Contagion

 

“Where there are prophecies, they will fail”, the writer pointedly asserts. In the same abrupt language, he follows that even faith fails. Then finally (to the readers’ glad relief no doubt) comes the apostle’s astonishing assertion, “Love never fails.”

Wow. Love never fails.

Such a breathtaking truth will mean a lot of things. Here is just one of the joyous discoveries about God’s unfailing kind of love. Love begets love.

In other words, once we welcome into ourselves God’s pure love in Jesus – repeatedly receiving it over and over – we soon find ourselves reveling in it. We never want to be without it or him. What’s more, a new dynamic has shown up on the scene.

We find it impossible to hold the agape of God to ourselves. By its nature, God’s love – like an overly-filled bucket of water – sloshes out on the surroundings. The Psalmist would not keep such news under wraps, “He restores my soul – my cup overflows”.

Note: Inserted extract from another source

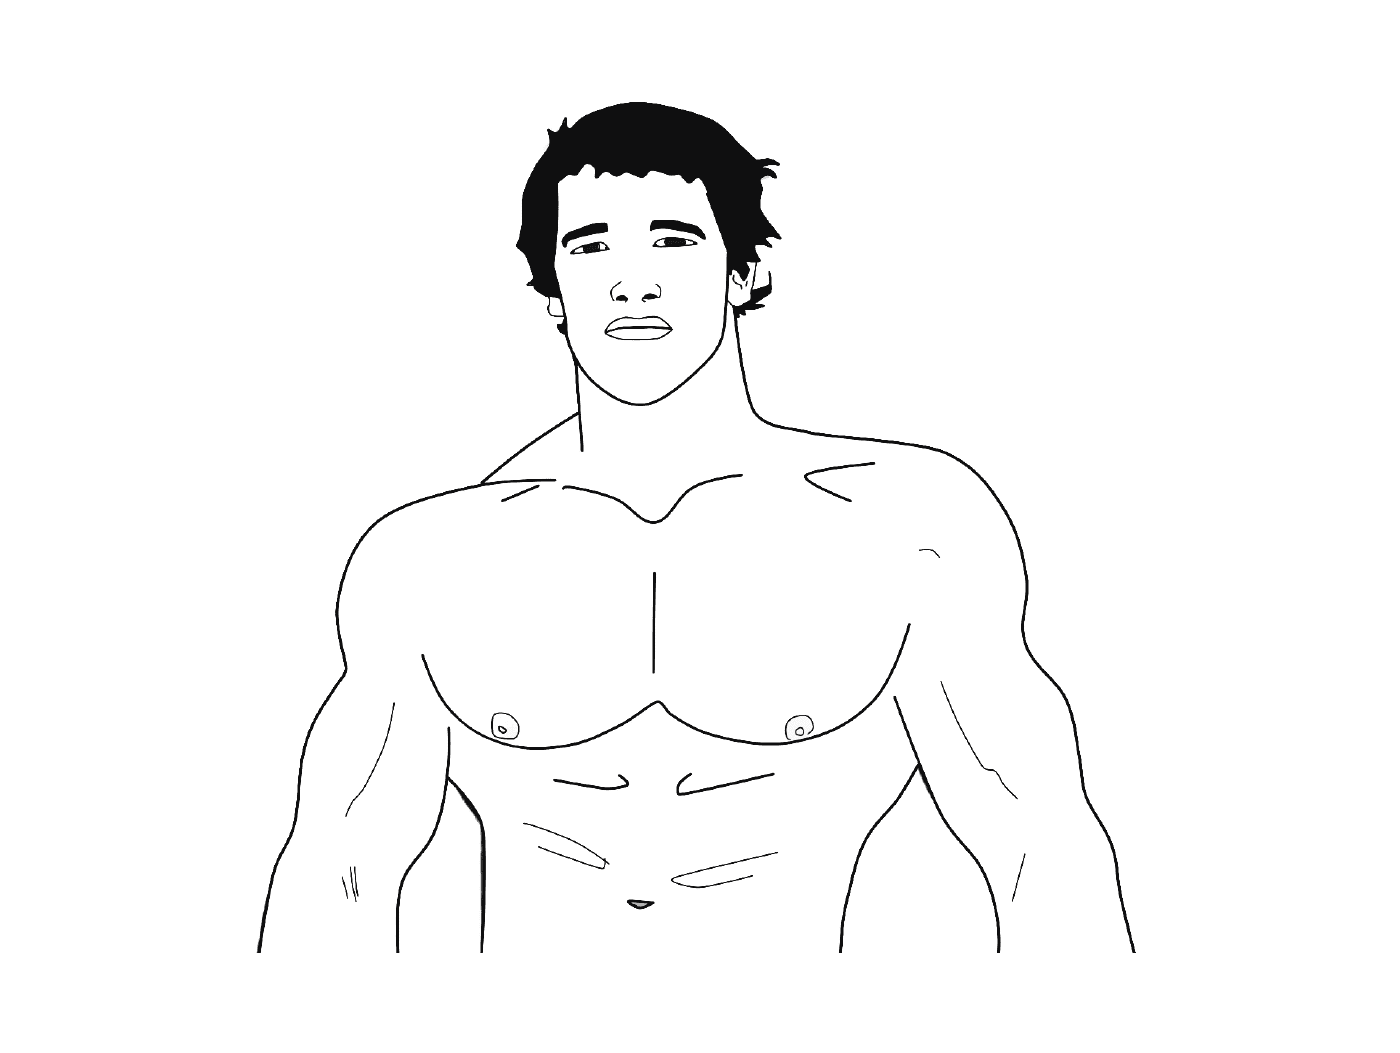  Um homem sem camisa

Love fueling love. By faith God’s much-thirsty kids simply receive. They take into themselves his generous and forgiving acceptance of them, his free-flowing affection toward them. So, Drinking. Drinking, they receive. They want never to stop receiving. Such a mindset exactly reflects the highest hope their Father above entertains. Heaven dances!

Bookshelves overflow today, and likely groan under the weight of account after biographical account of history’s multiplying disciples. In the truest sense these apprentices are pure lovers. They are being fed and fueled on the Father’s love. Such apprentices have tasted and have drunk of the Spirit’s living waters. Narrative upon narrative recounts the multiplication factor. Spanning generations and language groups – traversing mountains and deserts and plains. “Love never fails”.

It is often noted (sorrowfully and accurately) that hurt people hurt people.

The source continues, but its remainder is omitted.